El domingo 8 de septiembre, José Pablo Feinmann publicó en el periódico Página/12 una nota conmemorativa sobre la figura de Salvador Allende, expresidente socialista de Chile, al cumplirse cuarenta años de su muerte y del golpe de Estado del general genocida Augusto Pinochet. En esta nota el señor Feinmann incurre en una serie de afirmaciones equivocadas y que creo necesario corregir en vista de que no solo se trata de errores cuya explicación está en un desconocimiento de los hechos descritos por él mismo sobre el proceso revolucionario chileno y la relación entre Salvador Allende, la clase obrera y la extrema izquierda (en este caso particular, el MIR), sino porque Feinmann hace uso consciente de una distorsión de estos hechos para justificar sus posiciones políticas actuales a costa de la difamación de la extrema izquierda chilena de aquellos tiempos y con el claro objetivo de desprestigiar a los compañeros que, a pesar de las diferencias que sostenemos en la actualidad con aquella izquierda, mantenemos firmemente la perspectiva internacionalista de la revolución obrera y socialista.

Antes de desarrollar mis apreciaciones quisiera aclarar que no soy licenciado en Filosofía, sino que tan solo soy un joven obrero metalúrgico chileno que reside desde hace algunos años en Buenos Aires y que, además de adherir a la militancia del Partido de los Trabajadores Socialistas de Argentina (en el Frente de Izquierda), tengo una profunda convicción en el poder de la clase obrera y he dedicado parte del poco tiempo que me queda libre a un estudio concienzudo del proceso revolucionario chileno de comienzos de los 70.

En primer lugar, en “Las grandes Alamedas” Feinmann denuncia correctamente el golpe de Estado del general Pinochet, el cual no solo significó “la masacre fría y planificada de la clase obrera más consciente y organizada de Latinoamérica”, como los mismos obreros del Comando Provincial de Cordones Industriales de Santiago, el Comando Provincial de Abastecimiento Directo y el Frente Único de Trabajadores en Conflicto le advirtieron desesperadamente al presidente Allende a través de una carta pública una semana antes del mismo Golpe, sino que inauguró para el continente la “era” del neoliberalismo, lo que significó la pérdida brutal de todas las conquistas alcanzadas hasta ese momento por el pueblo trabajador a costa de sudor y lucha.
Asimismo, Feinmann realiza una caracterización del Gobierno de Allende que, si bien describe en términos generales –y, también digamos, superficialmente- como un Gobierno democrático y apoyado en un Ejército que velaba como “el guardián del orden constitucional”, omite señalar que hasta ese momento la defensa de ese orden se basaba en la constante represión y persecución de los desposeídos, de la clase obrera y de la izquierda.
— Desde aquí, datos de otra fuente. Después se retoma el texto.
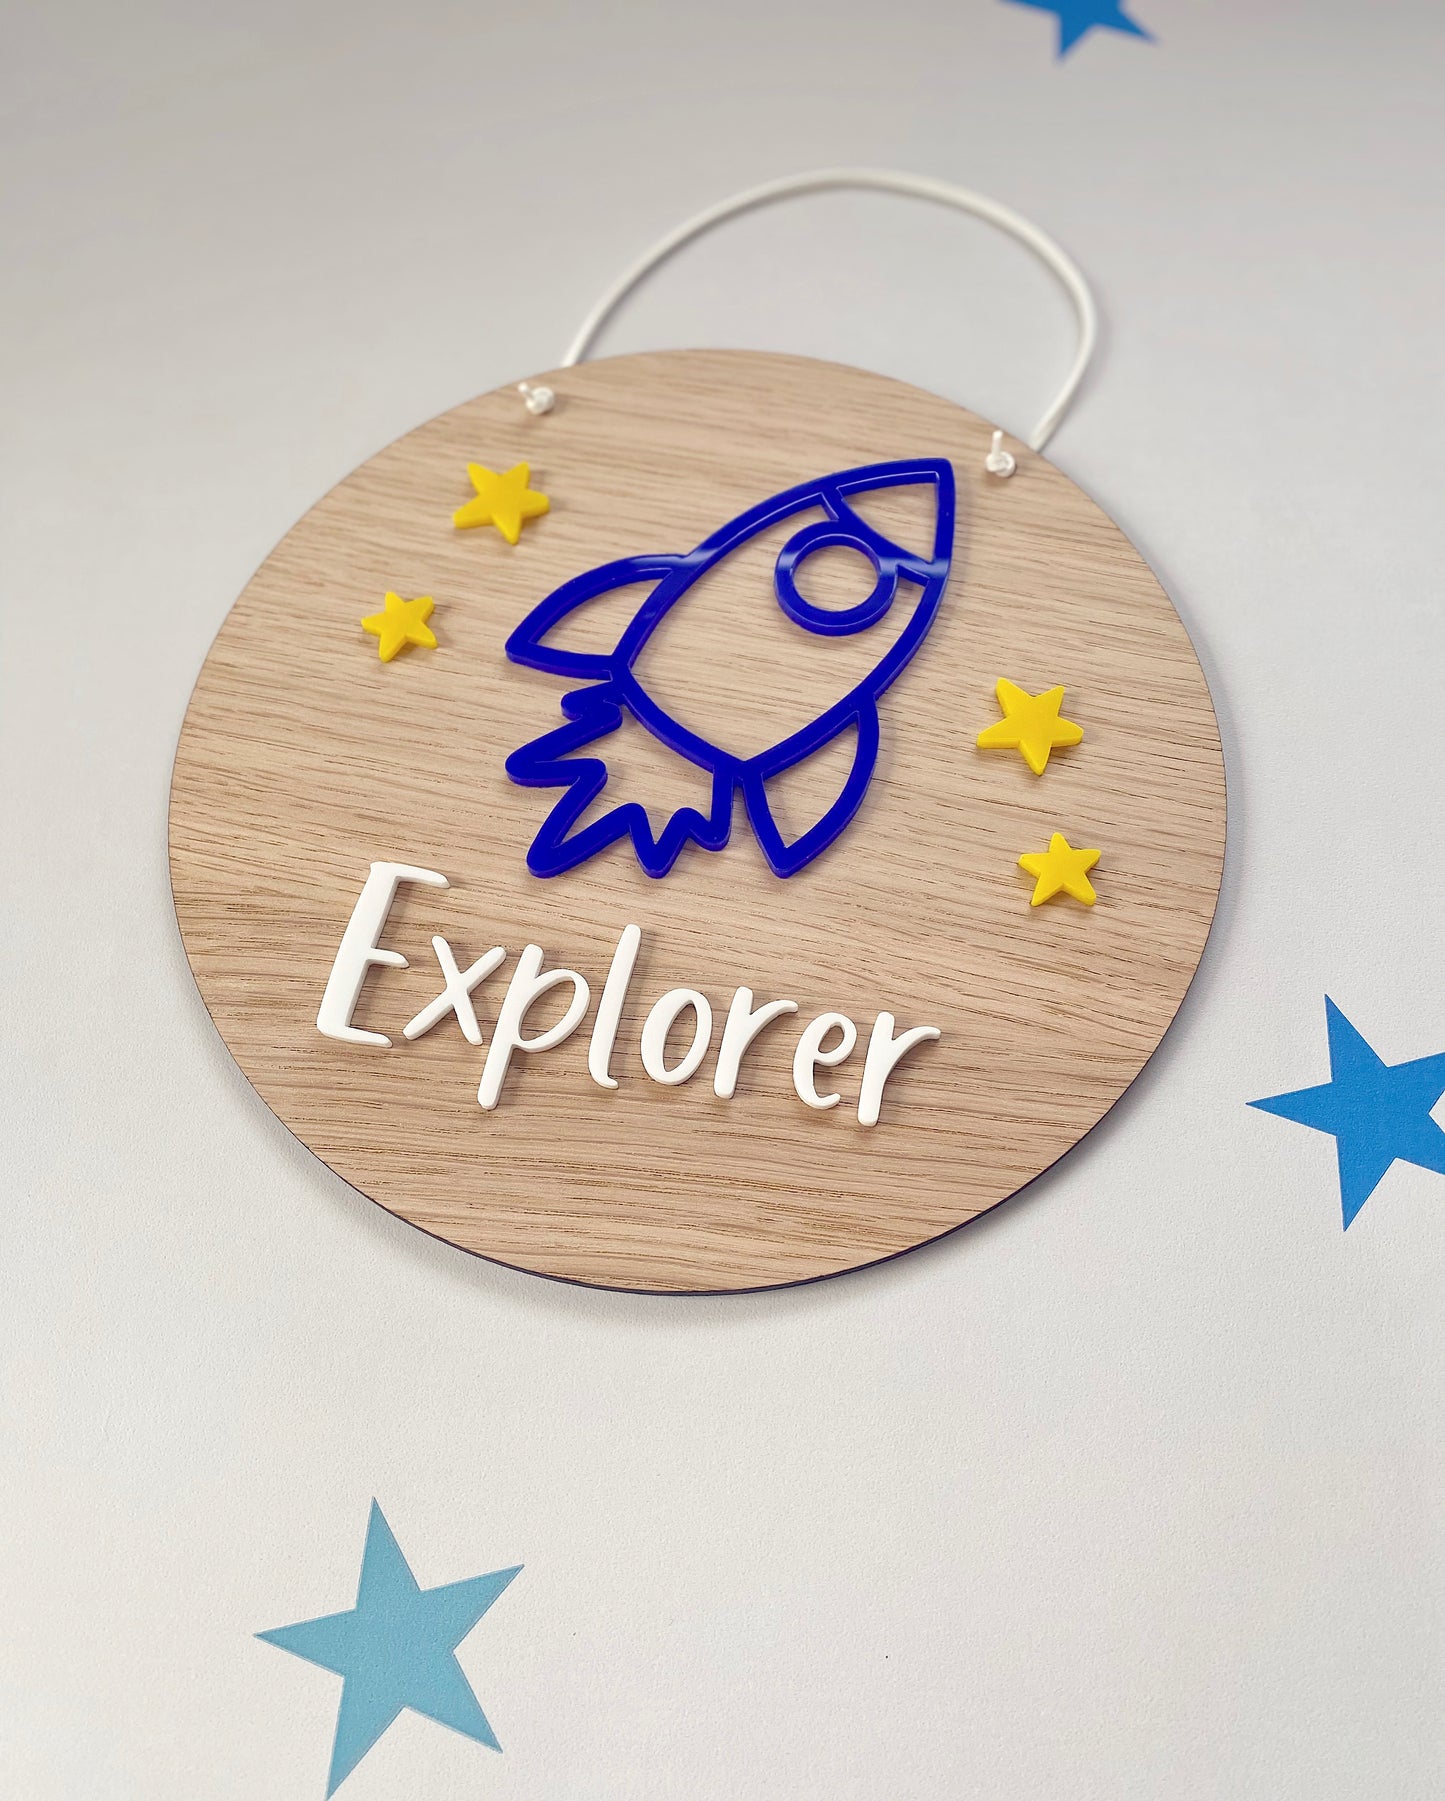 Wooden plaque with blue rocket and yellow stars. With the word Explorer written on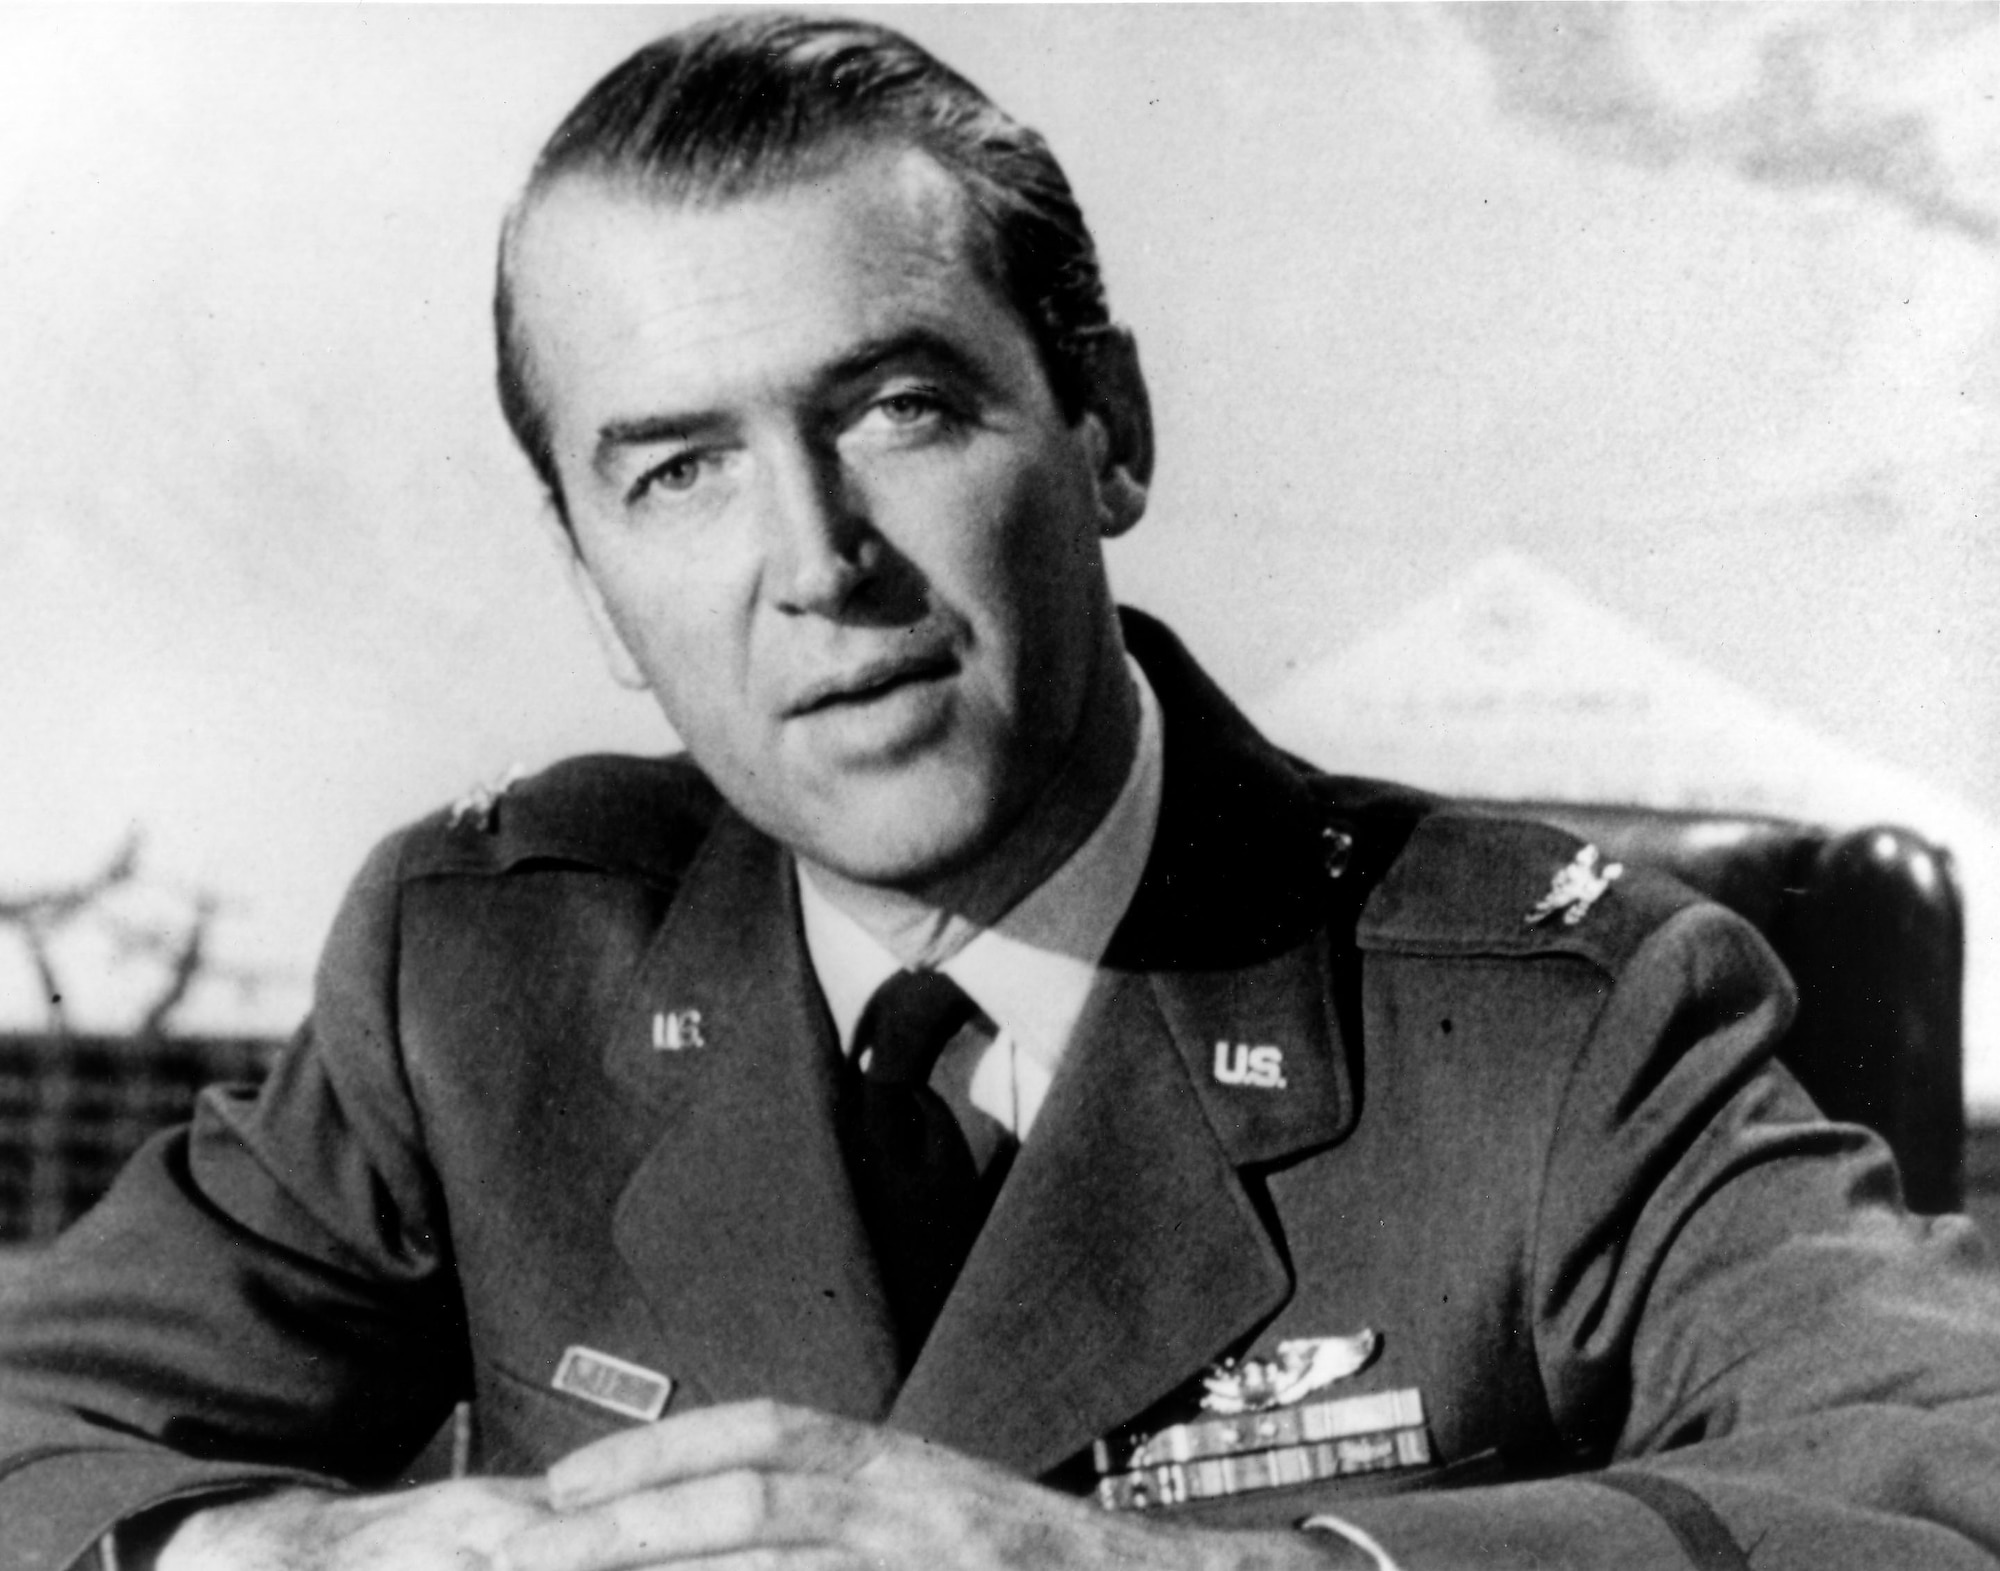 Jimmy Stewart began flying combat missions on March 31, 1944, and was appointed Operations Officer of the 453rd Bomb Group and, subsequently, Chief of Staff of the 2nd Combat Wing, 2nd Air Division of the 8th Air Force.  He ended the war with 20 combat missions and remained in the USAF Reserve where he was later promoted to brigadier general.  (U.S. Air Force photo)

Unas Fuerzas Armadas que bajo esa misma bandera del orden constitucional habían masacrado a los obreros salitreros que protagonizaron la gran huelga general iquiqueña del norte pampino en 1907; que había encarcelado y torturado a los luchadores obreros de izquierda en los campos de concentración de Pisagua durante la implantación de la Ley de Defensa de la Democracia en 1948 (denunciada por la misma clase obrera como “ley maldita”, macartista y proscriptiva), que reprimió a obreros, estudiantes y pobladores en la seminsurrección popular de abril de 1957, hecho conocido como la Batalla de Santiago, en la huelga general convocada por la Central Única de Trabajadores de Chile en noviembre de 1967 y en la Masacre de Puerto Montt en 1969, cuando fue acribillada una comunidad de pobladores sin casa que ocupaba terrenos para establecer un asentamiento. Podríamos enumerar una gran lista de hechos que afirman que la “institucionalidad democrática” vigilada por las Fuerzas Armadas era la de los capitalistas, banqueros y latifundistas, y no la de los de abajo. Salvador Allende sabía perfectamente esto.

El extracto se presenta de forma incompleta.